- The coronavirus relief package suspends federal student loan payments through Sep. 30
- Federal student loan interest rates also drop to 0% during the same period
- The measures apply only to federal student loans and have no effect on private loans
Late last week, as college campuses across the country closed in response to the coronavirus pandemic, the U.S. Department of Education suspended payments and interest on federal student loans for 60 days. With the signing of the coronavirus relief bill by President Trump, these measures will be extended through September 30.
The bill will take effect immediately and also suspends wage garnishment and tax refund reduction for anyone who defaulted on their federal student loans. While interest rates automatically go to 0%, borrowers will have to opt in to forebearance. Credit ratings will not be affected by the suspension, and borrowers who still want to pay down the principal on their loans may continue doing so during this period.
National student loan debt hit $1.6 trillion last year. The student debt crisis, and the larger question of college affordability, has prompted proposals from both ends of the political spectrum. While Democrats have suggested sweeping reforms, up to now the Trump administration has done little to stem the growing crisis.
Unfortunately for some students, the new measures do not apply to private student loans. About 90% of student debt is federal, meaning the suspended payments will impact the monthly statements of the vast majority of student loan borrowers. But Senate Democrats, including Elizabeth Warren, urged a more profound gesture: canceling $10,000 of debt for every borrower.
While less strident than Warren’s original campaign promise to erase $50,000 per borrower, or Bernie Sanders’ plan to forgive all student loan debt, her recent proposal offered more assistance than the coronavirus relief package passed by Congress.
The federal student loan interest rate is set to 4.53% for the 2019-2020 school year, down from last year’s 5.05%. A student with $25,000 in loan debt pays about $90 per month in interest. With the 60 days of waived interest now in effect, the average borrower will save a couple hundred dollars.
Perhaps more meaningfully, student loan borrowers are also granted forbearance — they can suspend payment through September 30 without fear of accruing extra fees or interest. “These are anxious times,” DeVos said in the Department of Education’s announcement last week. She expressed hope that the break for student loan borrowers would provide “meaningful help and peace of mind.”

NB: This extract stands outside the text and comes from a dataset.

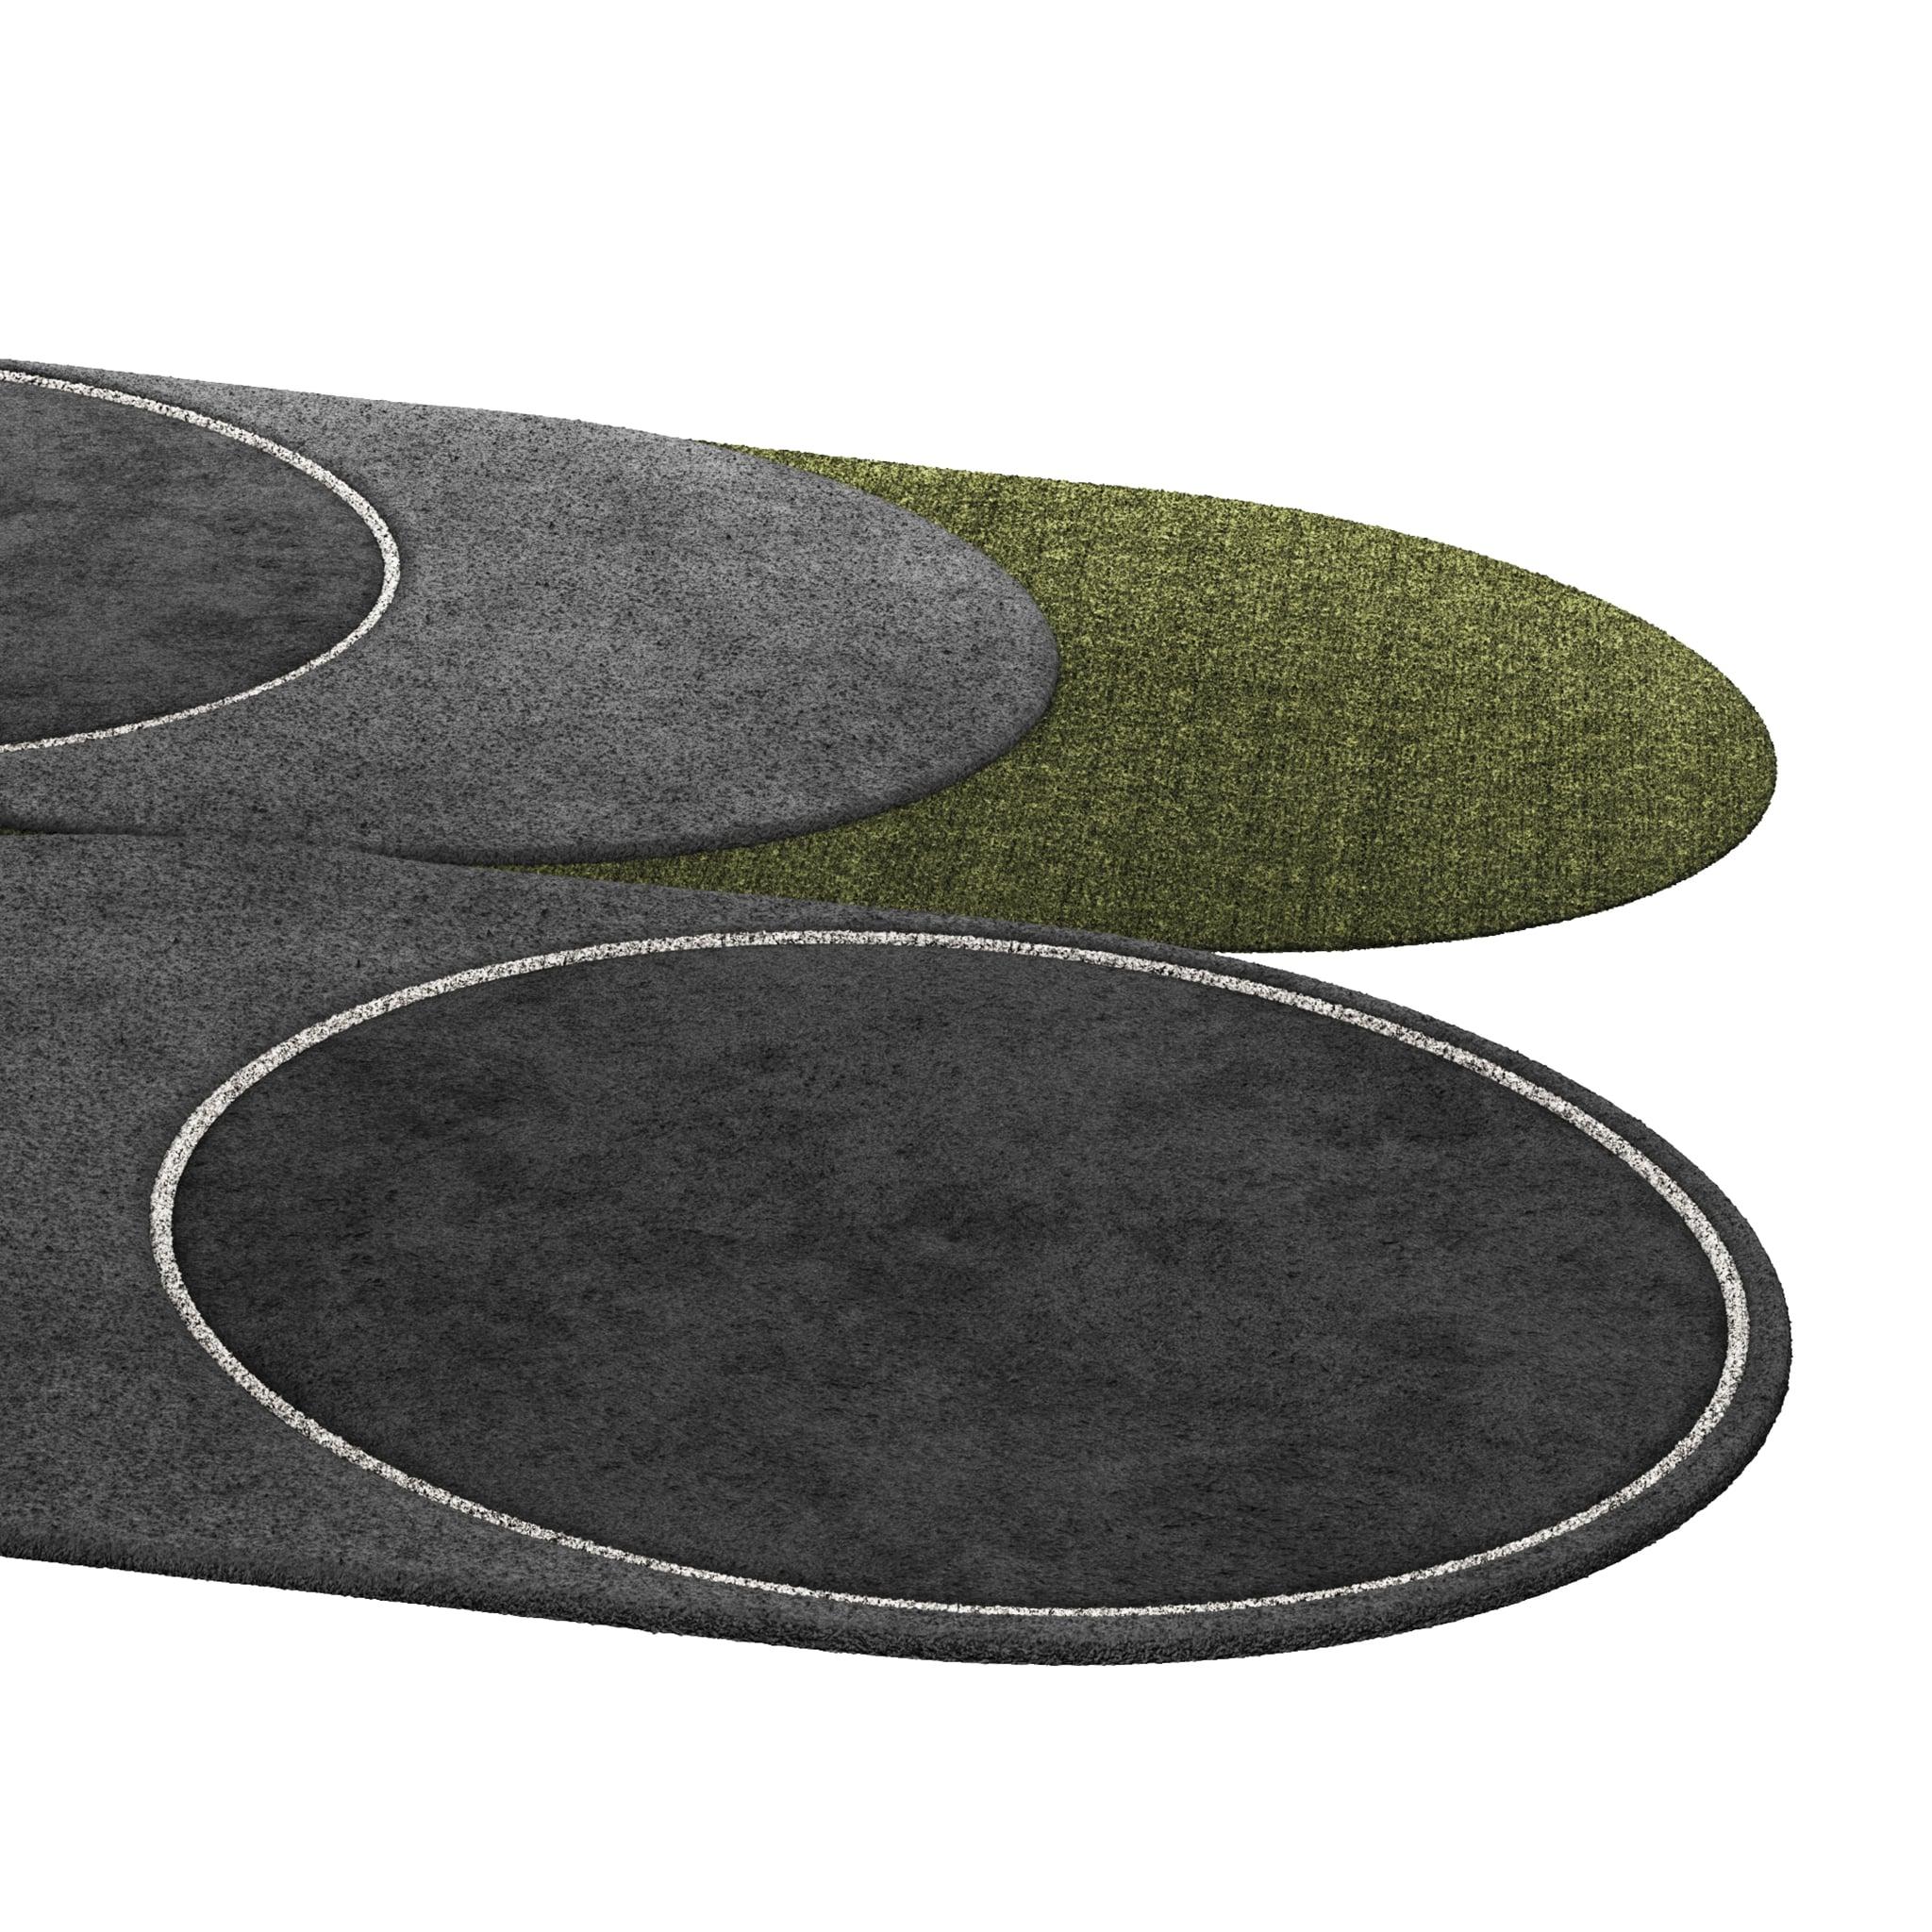 Tapis Retro #013 is a retro rug with an irregular shape and timeless colors. Inspired by architectural lines, this geometric rug makes a statement in any living space. 

Using a 3D-tufted technique that combines cut and loop pile, the retro rug in

Next Steps for Student Loan Borrowers
Interest automatically dropped for federal student loans
Interest rates on all federal student loans will be automatically changed to 0% until September 30.
Overdue accounts automatically receive forbearance
If you are more than 30 days past due on student loan payments, you will automatically receive forbearance until September 30.
Opt-in to forbearance for relief from loan payments
All other borrowers must request administrative forbearance for your federal student loan. Contact your loan servicer’s customer service for assistance or call 1-800-4-FED-AID.
Guidance for Public Service Loan Forgiveness (PSLF)
According to the Consumer Finance Protection Bureau, suspended payments under federal Direct loans will count toward the 120 on-time payments needed to qualify for loan forgiveness, so long as the borrower continues to meet PSLF elgibility criteria.